To begin, the receive program will output its process ID number (using getpid()), as part of an explanatory line of text. This makes it easier for you then to run the transmit program in another window: the transmit program takes the receive program's process ID number in argv[1], and the character to transmit in argv[2].

The transmit program will then transmit those eight bits one at a time. To transmit a zero, it signals the receive program with the signal "SIGUSR1" as defined in signal.h. To transmit a one, it signals the receive program with signal "SIGUSR2". (These two signal numbers are reserved for user-defined purposes.) To make sure that the signals arrive in order and are not combined, sleep for a tenth of a second inbetween each transmission using usleep(100000). These signals are sent using the kill() system call.

A compiled version of each of receive and transmit is supplied in /u/csc209h/summer/pub/lab/09 . You can run these programs against each other, and you can test them against your own.

To assemble the eight bits in receive.c, you can start with a value of zero and keep left-shifting it by one bit, adding 1 when there's a 1 bit and not doing anything extra when there's a 0 bit (only the left-shift).

For example bit-manipulation code which disassembles the bits for use in transmit.c, see /u/csc209h/summer/pub/lab/09/disassemble.c .
For an example program which waits for signals, see /u/csc209h/summer/pub/lab/09/receive-hint.c .
Both of these programs are also compiled for your use, in /u/csc209h/summer/pub/lab/09 .

You might prefer to focus on only one of receive.c and transmit.c. A correct implementation of either one will get the mark for this part of this lab.

4. fork and i/o redirection (additional exercise, not for credit)

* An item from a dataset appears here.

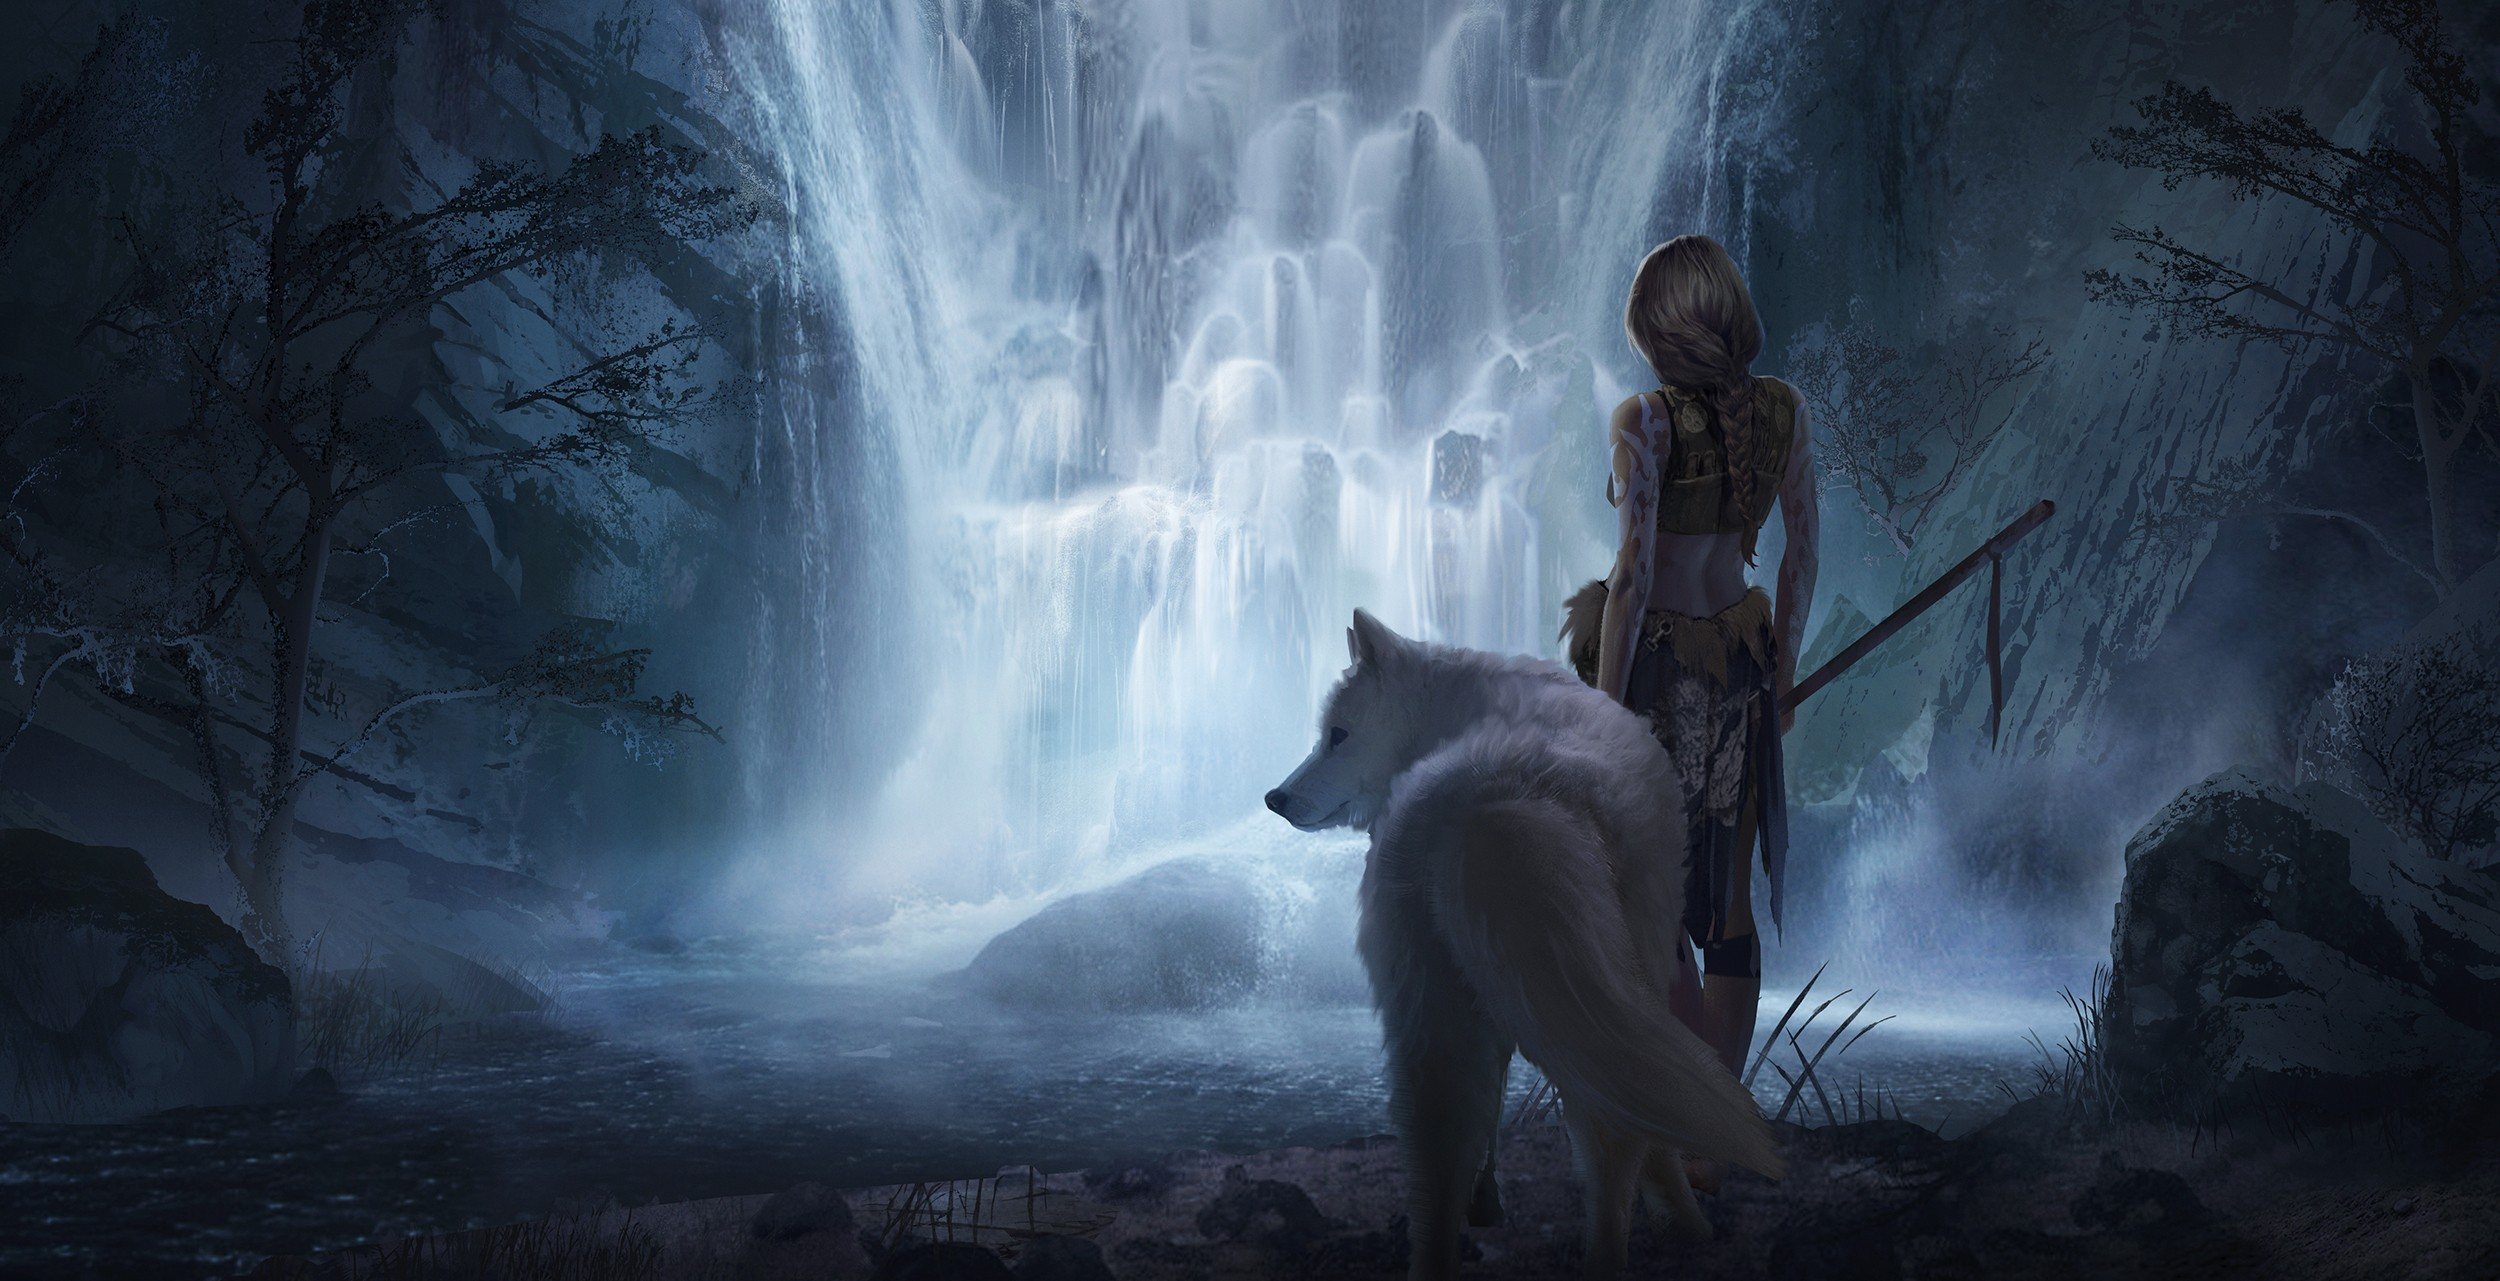 princess-mononoke-iphone-5-wallpaper - Awswallpapershd.com

Alternately prompt for a command and for a file name to redirect its output to. Execute the command (in the child process) with stdout redirected. Example:
        bigcomplicatedprompt$ ./a.out
        $ ls
        File to output to: foo
        exit status 0
        $
It's fine that the command has a newline at the end of it since you're passing it to sh to be executed (the shell skips white space as applicable), but for the file name, you'll need to remove the newline with something like
        if ((p = strchr(filename, '\n')))
            *p = '\0';
Remember that the second argument to open() for opening a file for write in the normal way is O_WRONLY|O_CREAT|O_TRUNC and the third argument is 0666. Make sure that you see your prompt after the execution of the redirected command (if not, you're doing the redirection in the parent rather than only in the child).

To submit

First of all, you must run "/u/csc209h/summer/present", during the tutorial time, on the console of a tutorial lab workstation, or get the TA to mark you as present.

Then, by the end of Friday July 15, submit q2.c, and submit either receive.c, transmit.c, or both, using the usual 'submit' command, with "assignment" name "lab09".

Your grade for the second half of this lab will be the max of the two grades assigned for receive.c and transmit.c.

Programs which yield error or warning messages when compiled with "gcc −Wall" on the teach.cs machines get zero.

Note that the supplied compiled receive and transmit are reference implementations. Your programs must work with them to get the mark; implementations which use different signals or send them in a different order are not going to be considered solutions to this lab assignment.